Comment 40 Heiner Kallweit 2020-09-27 16:42:06 UTC
To check something, could you please attach the output of ethtool -d enp2s0?
Comment 41 Heiner Kallweit 2020-09-27 17:19:33 UTC
The EPHY config for RTL8168f differs a little bit from the r8168 vendor driver. Not sure whether this can be related to the issue here.

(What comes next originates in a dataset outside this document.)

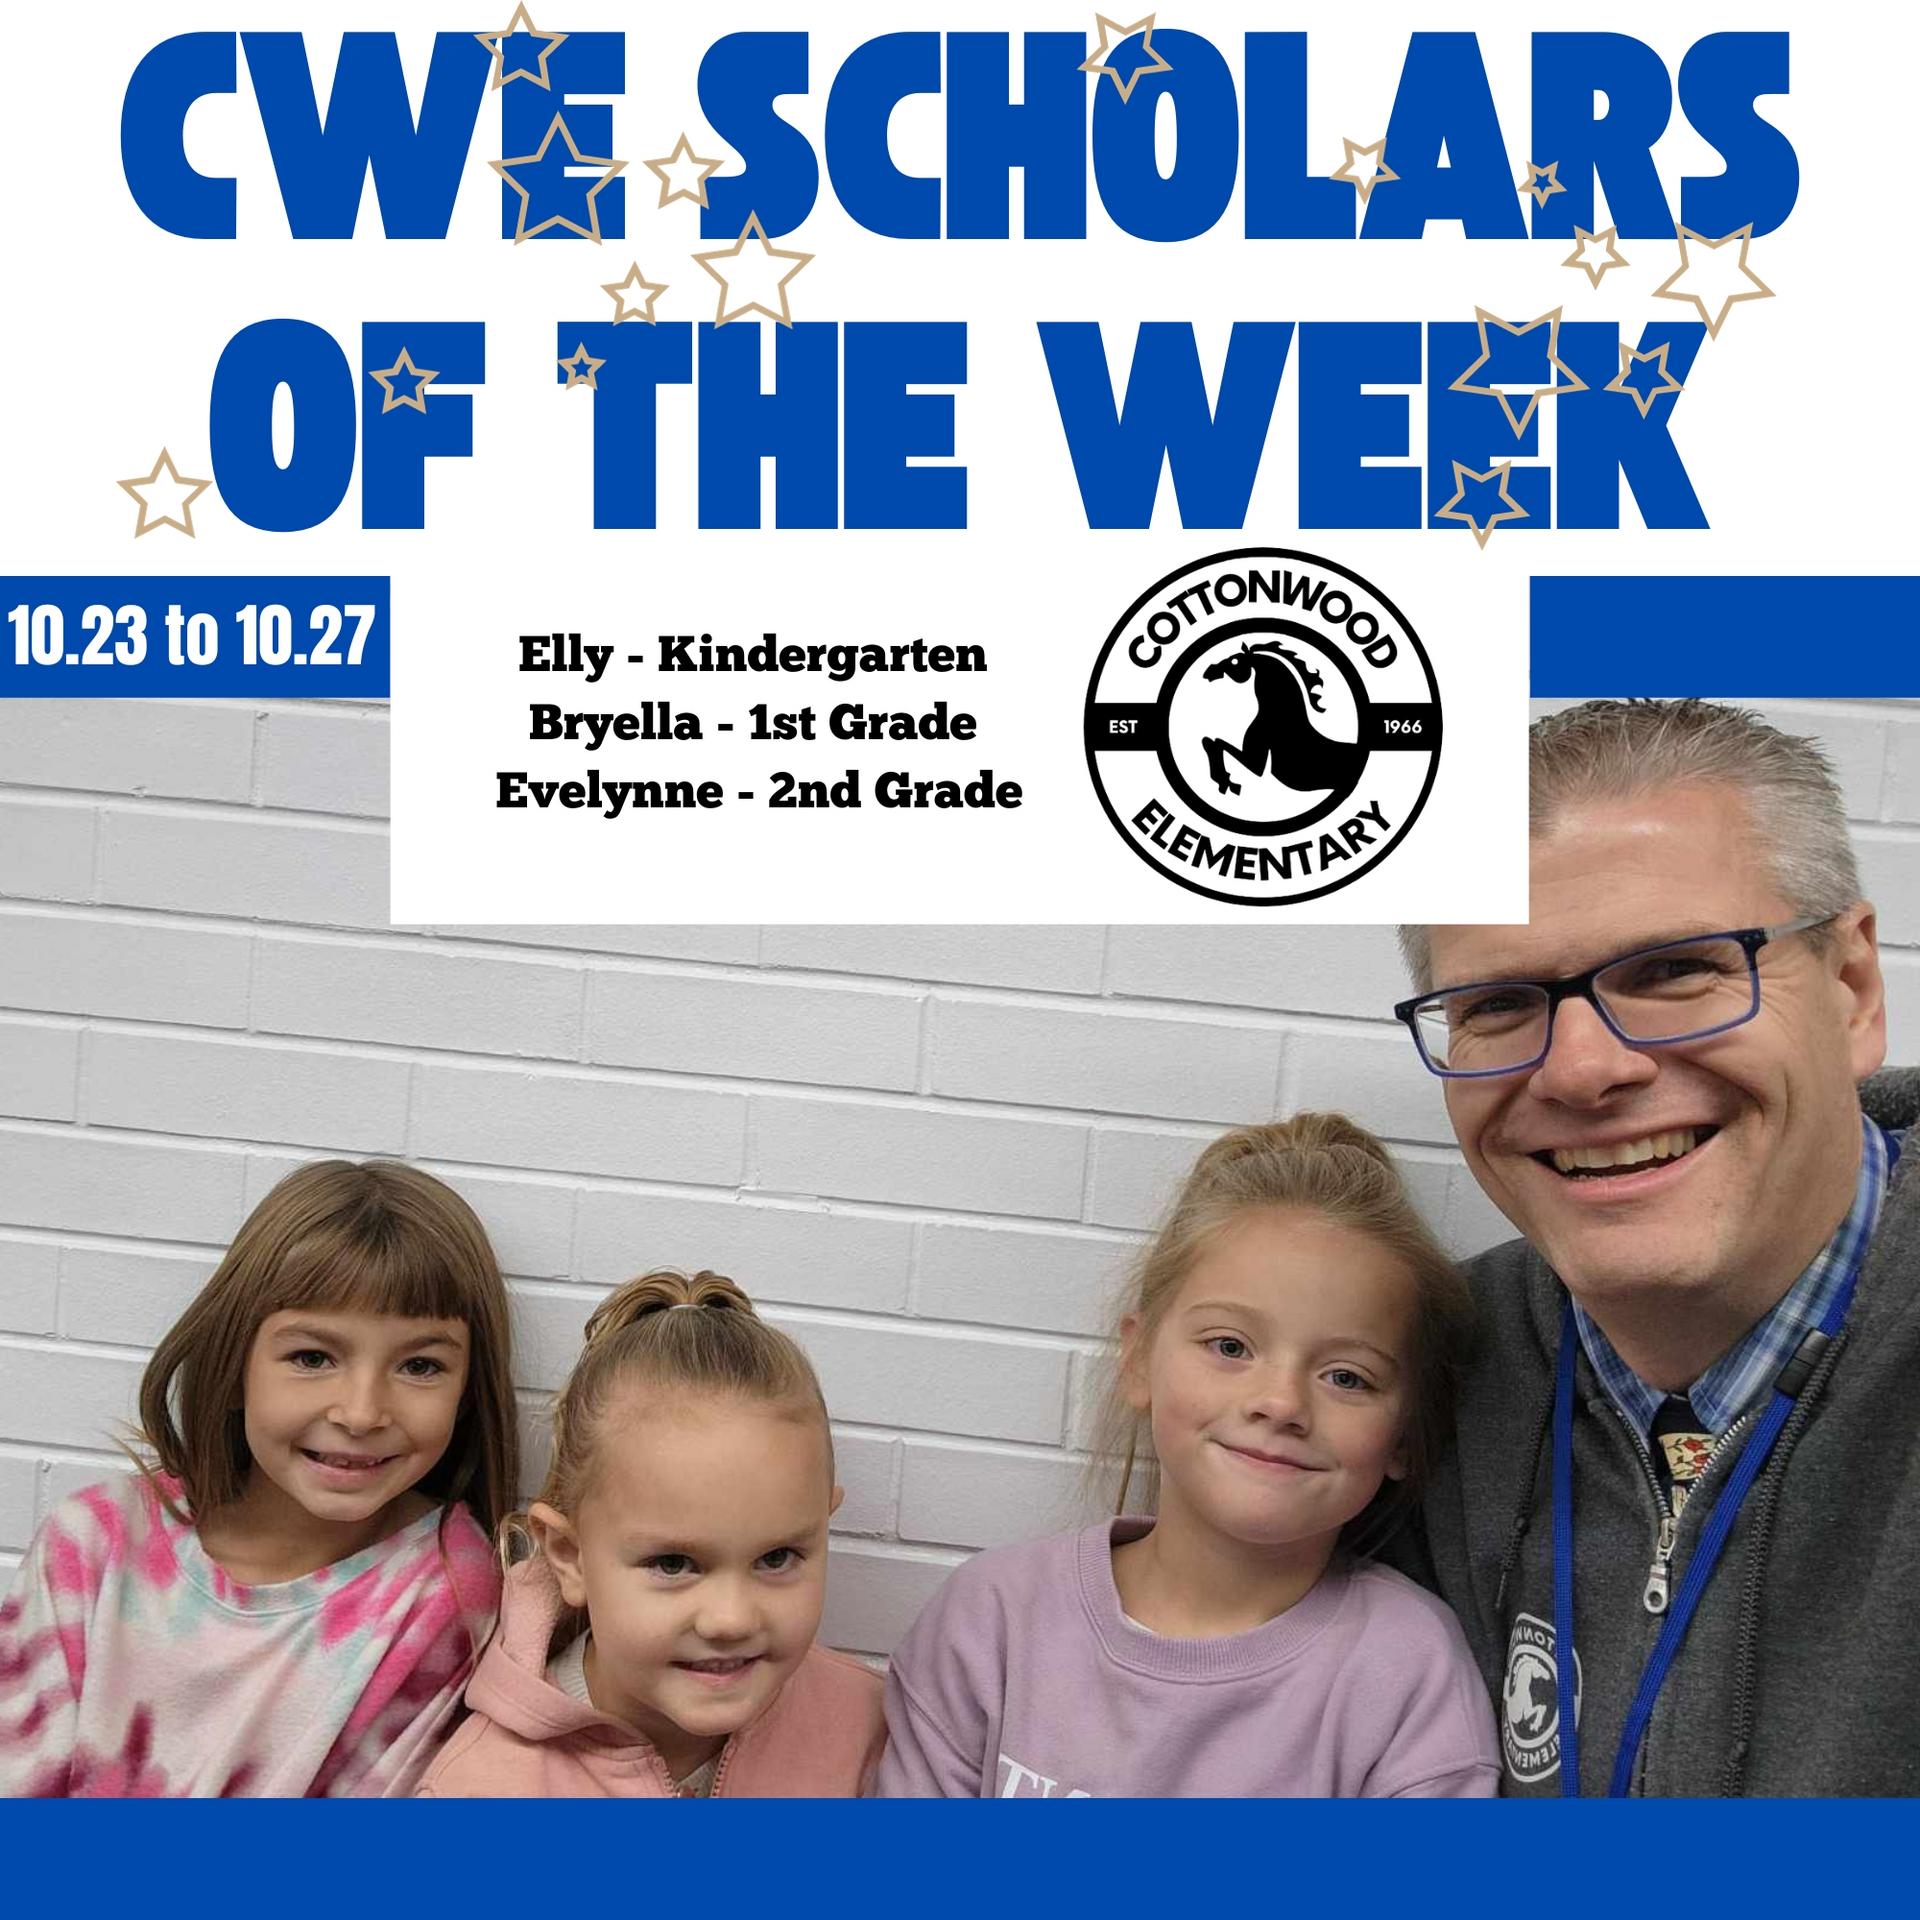 CWE-Scholars-of-the-Week-10.23-to-10.27.jpg

Just to be on the safe side, can you test the following patch?

diff --git a/drivers/net/ethernet/realtek/r8169_main.c b/drivers/net/ethernet/realtek/r8169_main.c
index 9e4e6a883..02beefc21 100644
--- a/drivers/net/ethernet/realtek/r8169_main.c
+++ b/drivers/net/ethernet/realtek/r8169_main.c
@@ -2901,7 +2901,7 @@ static void rtl_hw_start_8168f_1(struct rtl8169_private *tp)
 		{ 0x08, 0x0001,	0x0002 },
 		{ 0x09, 0x0000,	0x0080 },
 		{ 0x19, 0x0000,	0x0224 },
-		{ 0x00, 0x0000,	0x0004 },
+		{ 0x00, 0x0000,	0x0008 },
 		{ 0x0c, 0x3df0,	0x0200 },
 	};
 
-- 
2.28.0
Comment 42 anonymous 2020-09-29 06:53:40 UTC
I upgraded to linux 5.8.12.

On linux 5.8.12, r8159 seems to work without any patch.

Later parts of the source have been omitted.